Two specific shortcomings that the ICU message format addresses:

Grammatical Gender

Many languages inflect in gender specific way. One example in French might be:

 # You are the only participant for a male and female
 Vous êtes the seul participant
 Vous êtes la seule participante

 # Married for a male and a female
 Marié
 Mariée

In Gettext this requires individual messages and conditional code in the application in order to present the correct message to an audience. This is compounded by the fact that some languages have more than two grammatical genders (most have been two and four but but some are attested with up to 20.

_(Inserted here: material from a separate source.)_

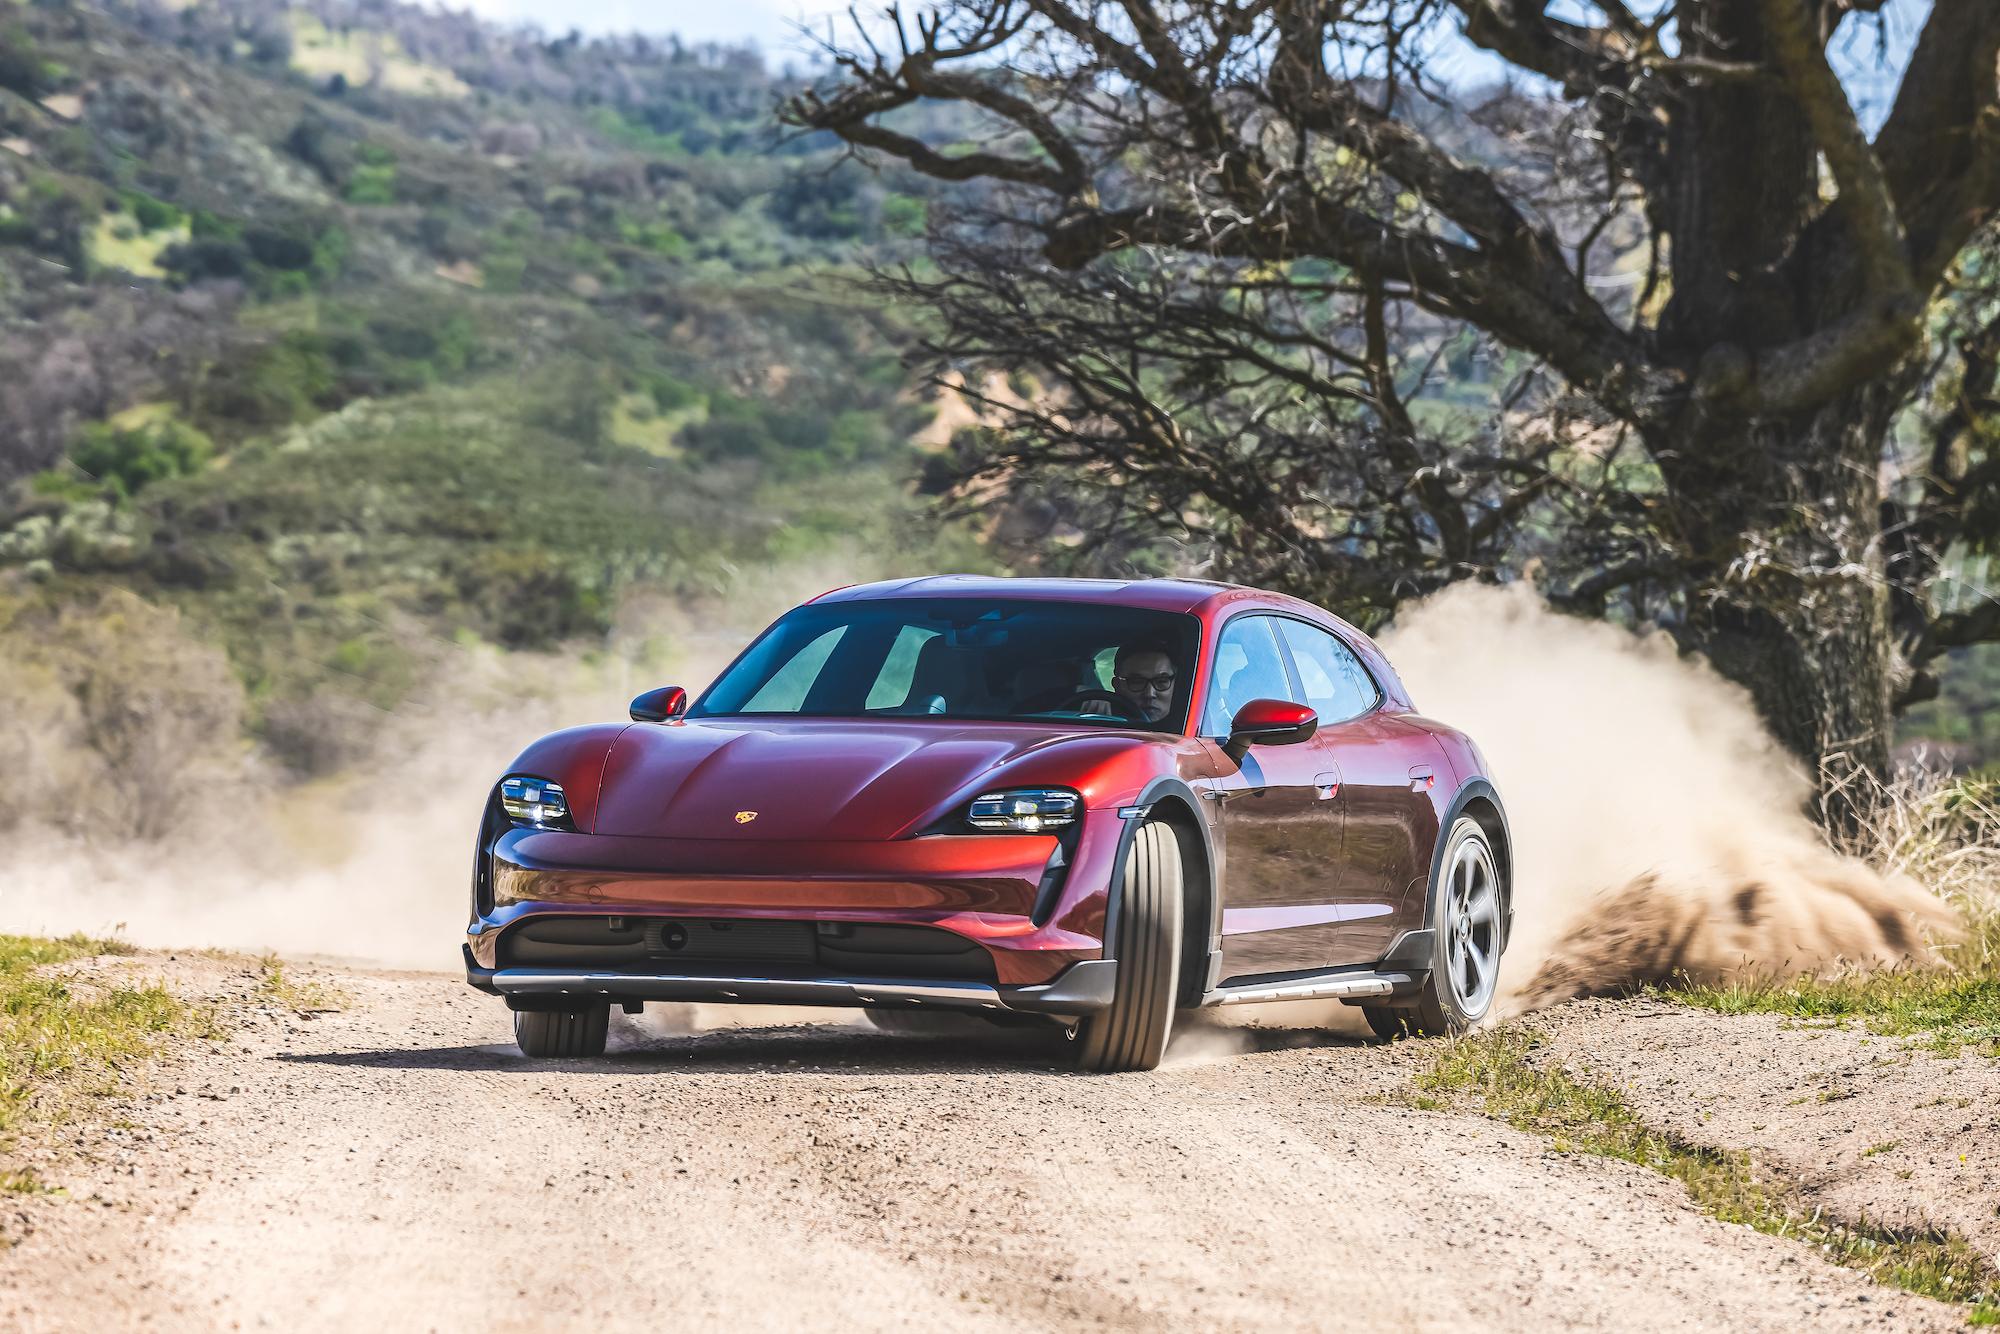 Porsche Taycan 4 Cross Turismo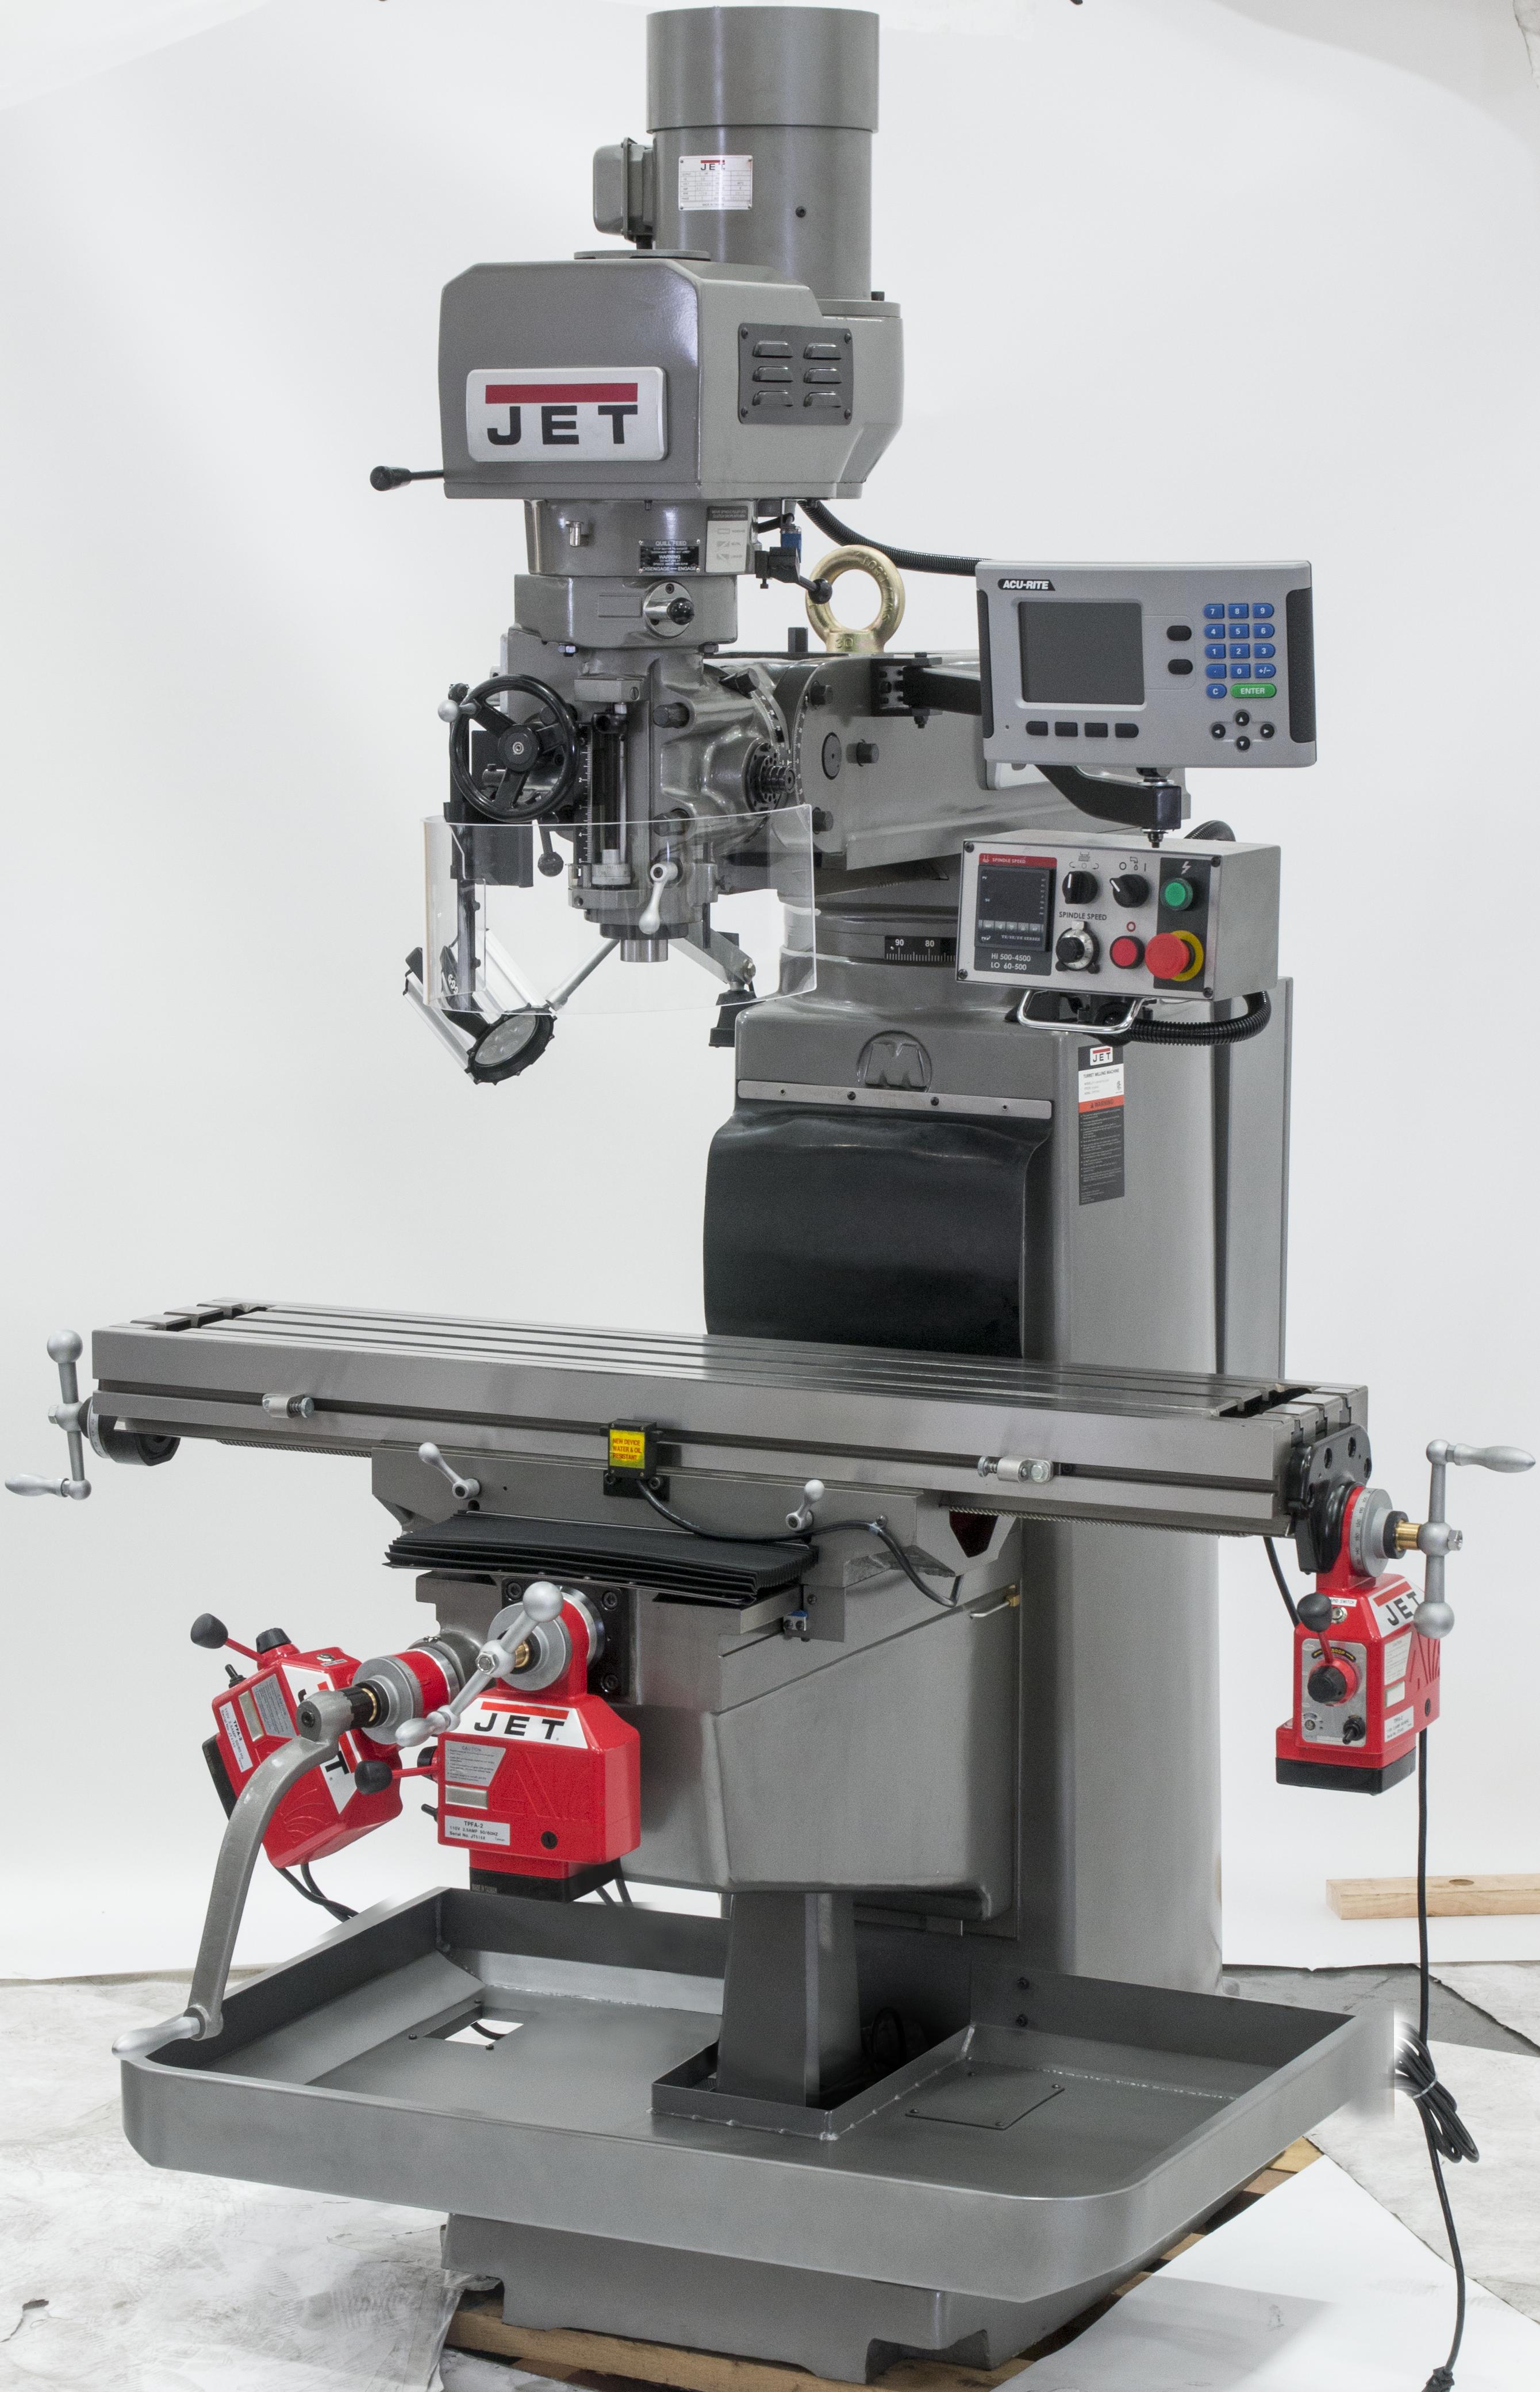 JTM-1050EVS2/230 Electronic Variable Speed Vertical Milling Machine 230V 3Ph

The ICU message format provides a mechanism (the choice format) that helps translator and UX designers implement a single message to easily encapsulate messages conditional on grammatical gender (or any other selector)

Standardised plural rules

Although Gettext supports pluralisation for messages through the Gettext.Plural module in Elixir and the Gettext functions like Gettext.ngettext/4, the plural rules for a language have to be implemented for each message. Give the wide differences in how plural forms are structured in different languages this can be a material challenge. For example:

  • English has two plural forms: singular and plural
  • French applies the singular rule to two values and a plural form to larger groupings
  • Japanese does not differentiate
  • Russian has 4 categories
  • Arabic has 6 categories

Since CLDR has a strong set of pluralization rules defined for ~500 locales, each of which is supported by ex_cldr for Elixir, the ICU message format can reuse these pluralization rules in a simple and consisten fashion using the [plural format]{#Plural_Format}

Message format overview

ICU message formats are Elixir strings with embedded formatting directives inserted between {}. Some examples:

 # Insert the binding `name` into the string
 "My name is {name}"

 # Insert a date, formatting in a localized `short` format plus a localized plural form
 # for the binding `num_photos`
 "On {taken_date, date, short} {name} took {num_photos, plural,
   =0 {no photos.}
   =1 {one photo.}
   other {# photos.}}"

 # Insert localized messages based upon the gender of the audience with
 # appropriate localized plural forms
 "{gender_of_host, select,
   female {
     {num_guests, plural, offset: 1
       =0 {{host} does not give a party.}
       =1 {{host} invites {guest} to her party.}
       =2 {{host} invites {guest} and one other person to her party.}
       other {{host} invites {guest} and # other people to her party.}}}
   male {
     {num_guests, plural, offset: 1
       =0 {{host} does not give a party.}
       =1 {{host} invites {guest} to his party.}
       =2 {{host} invites {guest} and one other person to his party.}
       other {{host} invites {guest} and # other people to his party.}}}
   other {
     {num_guests, plural, offset: 1
       =0 {{host} does not give a party.}
       =1 {{host} invites {guest} to their party.}
       =2 {{host} invites {guest} and one other person to their party.}
       other {{host} invites {guest} and # other people to their party.}}}
 }"

Message formatting

Using the above messages as examples:

iex> Cldr.Message.format! "My name is {name}", name: "Kip"
"My name is Kip"

iex> Cldr.Message.format!  "On {taken_date, date, short} {name} took {num_photos, plural,
       =0 {no photos.}
       =1 {one photo.}
       other {# photos.}}", taken_date: Date.utc_today, name: "Kip", num_photos: 10
"On 8/26/19 Kip took 10 photos."

As of ex_cldr_messages version 0.3.0 a macro form is introduced which parses the message at compile time in order to optimize performance at run time. To use the macro, a backend module must be imported (or required) into a module that uses formatting. For example:

defmodule SomeModule do
  # Import a <backend>.Cldr.Message module
  import MyApp.Cldr.Message

  def my_function do
    format("this is a string with a param {param}", param: 3)
  end
end

Installation

def deps do
  [
    {:ex_cldr_messages, "~> 0.5.0"}
  ]
end

Documentation is at https://hexdocs.pm/cldr_messages.

To Do

For the initial release. This is a simple function interface to message formatting. Before 1.0 it needs to also have a means like gettext of managing messages in multiple different locales for the same message content.

  • [ ] Documentation

  • [X] Ignore whitespace between nested complex arguments at the top level. Example: {:select, {:named_arg, "gender_of_host"}, %{

    "female" => [
      {:literal, "\n    "},  <---- Ignore this when its whitespace only
      {:plural, {:named_arg, "num_guests"},
  • [X] Support decimal numbers for selectors

  • [X] Won't do. Support spellout format for Money.t types ? (Maybe can't because of floating point RBNF rule limitations)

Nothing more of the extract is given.